Endpoint firewall and networking requirements for the Endpoint Security agent

SECURITY   Service account or administrator-level rights on the target endpoint

This article describes the networking infrastructure required to enable successful communication between your monitored endpoints and the EDR cloud.

To learn about the files you'll need to allowlist in your infrastructure security policies, refer to Endpoint allowlisting and antivirus considerations for the Endpoint Security agent.

Index

General

  • For each agent deployed in your environment, bidirectional communication from TCP port 443 to the URL for your instance must be permitted.

Datto EDR and Datto AV allowlisting

Datto EDR and Datto AV subscribers will need to allowlist the following URLs in their security infrastructure:

URL Description
*.infocyte.com

Secured with TLS 1.2/1.3 (HTTPS); if you are on a network with SSL inspection or decryption, you might need to bypass decryption for the infocyte.com CNAME of your instance, along with dl.infocyte.com

dl.infocyte.com Amazon CloudFront; IP range can vary based on location; recommended for optimal performance
wss://servalot-prod.es.datto.net

Brokers communication with EDR cloud infrastructure; can alternatively allowlist *.es.datto.net

wss://servalot-prod.es.datto.net:3030

Required ports for communication with EDR cloud infrastructure

wss://servalot-prod.es.datto.net:3031
https://mcb1jewkpb.execute-api.us-east-2.amazonaws.com/

Amazon S3 webhosts for Datto EDR cloud infrastructure

 

 

 

 

 

 

https://rollbackinstallers.s3.us-east-2.amazonaws.com/
https://staging.rollbackcommands.s3.us-east-2.amazonaws.com/
https://s3.us-east-2.amazonaws.com
https://staging.rollback.log.s3.us-east-2.amazonaws.com/
https://rwdlogs.s3.us-east-2.amazonaws.com/
https://7j3e2hyns2.execute-api.us-east-2.amazonaws.com/
https://rbinstallers.s3.us-east-2.amazonaws.com
https://prod-rollbacklogs.s3.us-east-2.amazonaws.com/
https://s3.us-east-2.amazonaws.com/
https://prod-rollbackmetrics.s3.us-east-2.amazonaws.com/
https://rwdlogs.s3.us-west-2.amazonaws.com/

Datto AV allowlisting

Datto EDR + Datto AV and standalone Datto AV subscribers who are deploying the Endpoint Security agent will need to allowlist the following URLs in their local network. If URL or domain allowlisting is not possible, consider a proxy solution or integrate the device into a DMZ.

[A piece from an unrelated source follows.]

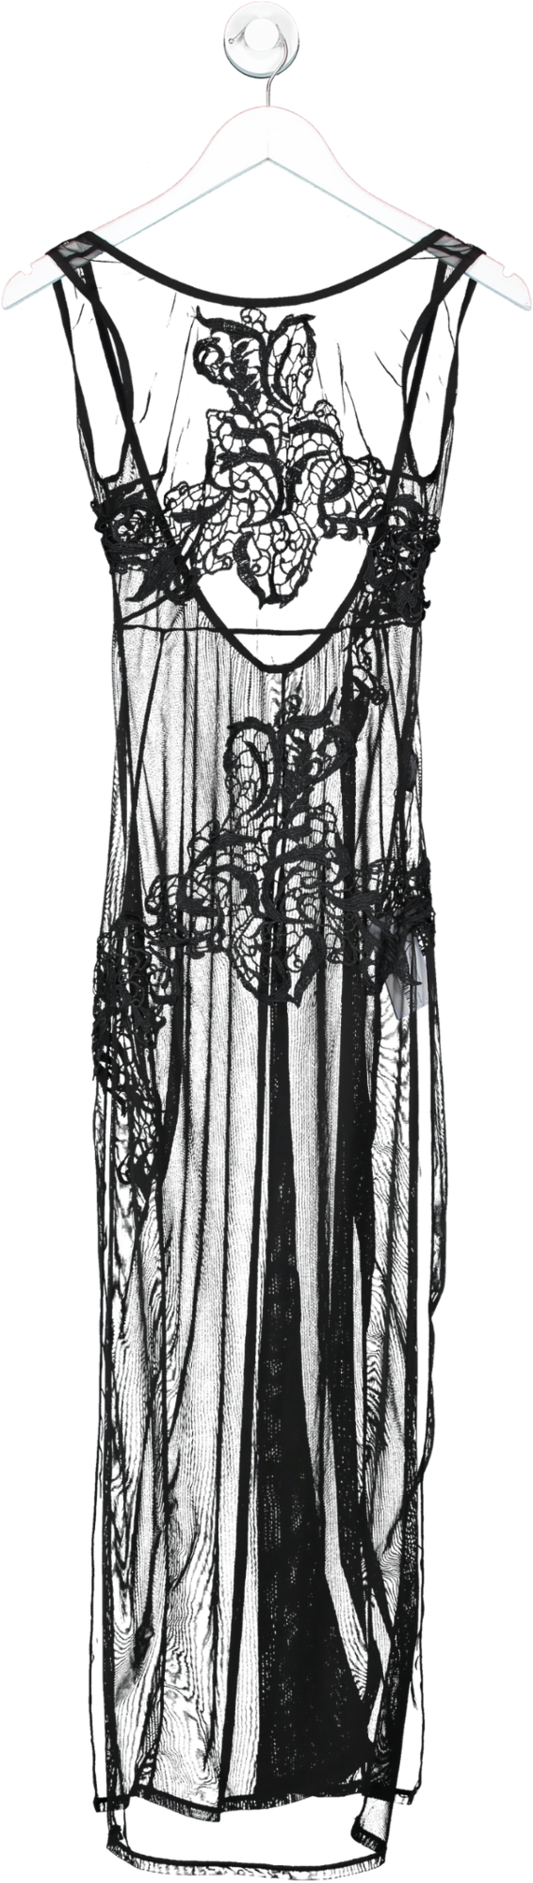 Bluebella Black Long Chemise Nightdress UK 8

Datto AV running on macOS and Linux

URL Description
prod-auth.eu1.apc.avira.com

Required URLs for communication with Datto AV cloud infrastructure

prod-query.eu1.apc.avira.com
prod-upload.eu1.apc.avira.com
prod.tl.avira.com

Datto AV running on Windows

URL Description
query-api.eu1.apc.avira.com

Required URLs for communication with Datto AV cloud infrastructure

fpc-rest.tl.avira.com
v2.web-rep.auc.avira.com
download.avira.com
api.mixpanel.com

Geo-blocked regions

To protect the safety of all customers, we restrict inbound internet traffic from certain countries and regions where cyberattacks are known to originate. As a result, any user attempting to log in to Datto AV or Datto EDR from these locations, whether directly or through proxy servers or VPNs, will be denied access. This filtering applies globally to all Kaseya data centers and public cloud environments.

Currently, the following countries are geo-blocked:

  • Russia

  • China

  • Cuba

  • Iran

  • North Korea

  • Syria

We will continue to curate this list as the cybersecurity landscape evolves.